С двумя ведрами в руках, пригибаясь в сенях, Котовский вошел в
покосившуюся еврейскую хату, где на постели, разметавшись, храпел еще
полунагой комэск. Срозмаху вымахнул Котовский на спящего ведра,
приговаривая:
- Обливаться перед девятым номером нужно, товарищ комэск! Вот как!
А на утро трубы уж играли генерал-марш. И странная конница из
полубандитов, солдат-командиров, старых офицеров, уголовников, подымалась,
седлала коней и трогала по пыльным улицам, выступая в бой за Львов.
По 50 километров неслась в сутки красная конница. Еще один переход и
возьмут столицу Галиции. Но под Львовым получился категорический приказ
свертывать на север, спасать общее положение, уже обессилевшей под Варшавой,
красной армии.
Как ни торопилась конница - не успела. Французский генерал Вейган
положил предел русскому красному размаху и, вместо наступления, красная
армия пошла грандиозным паническим откатом.

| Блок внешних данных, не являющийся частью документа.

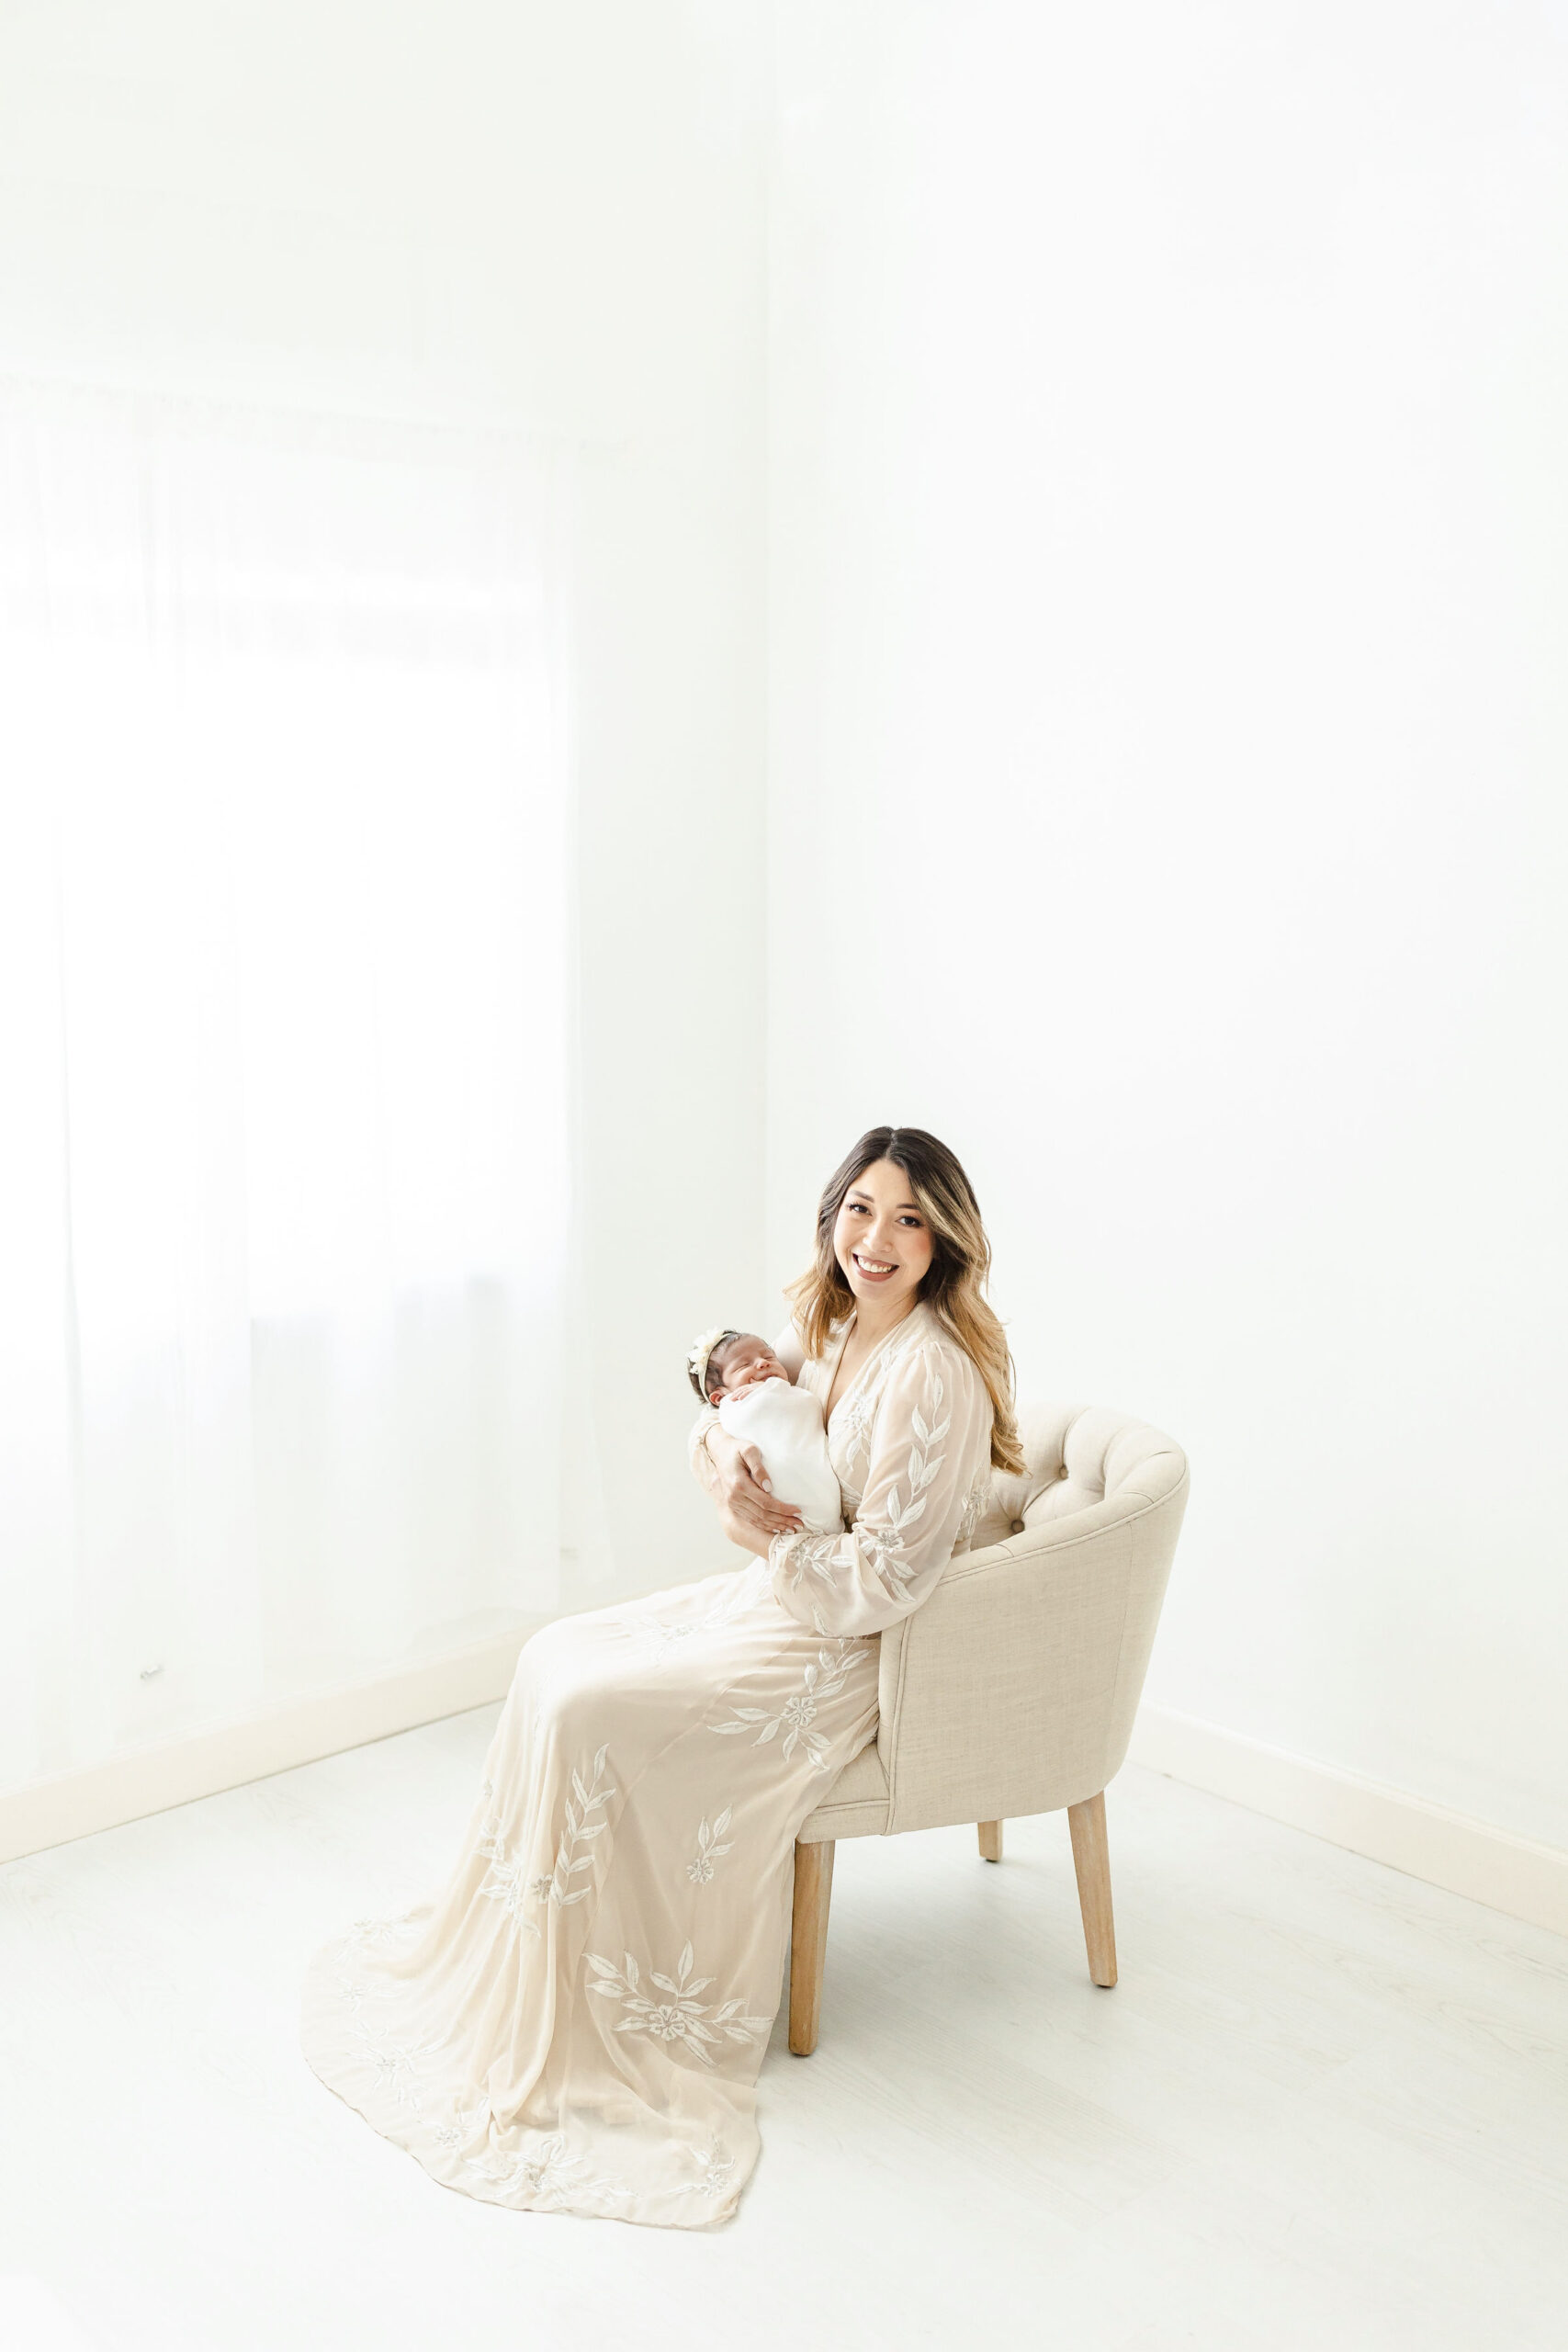 A mother to be sits in the corner of a room in front of a window on a beige chair while holding her newborn daughter

Для конницы Котовского начались жестокие арьергардные бои. Прикрывая
панически побежавшую красную пехоту, от наседающих теперь польских уланов,
Котовский забыл и гимнастику и обливанья водой. Какая гимнастика, когда по
три дня маковой росинки во рту не бывало у бойцов. В этих боях обессилели
котовцы. А главное упало моральное состояние войск: - не пустила Европа
Котовского делать революцию.
Лучший польский конный корпус генерала Краевского получил приказание: -
истребить разбойную кавбригаду. Польская кавалерия торопилась зажать в клещи
беспорядочно-несущихся на восток котовцев. И вот близ Кременца полным
кольцом поляки окружили Котовского на лесистом холме - Божья Гора.
Это полная гибель. Командование юго-западного фронта похоронило
отрезанную кавбригаду. С трудом втащили на гору котовцы последние пушки,
тачанки с пулеметами, лазаретные линейки. Котовский, усталый и измотанный,
как все бойцы, приказал биться до последнего, не сдаваться полякам.
Трое суток отбивались зажатые в кольцо котовцы, несли страшные потери.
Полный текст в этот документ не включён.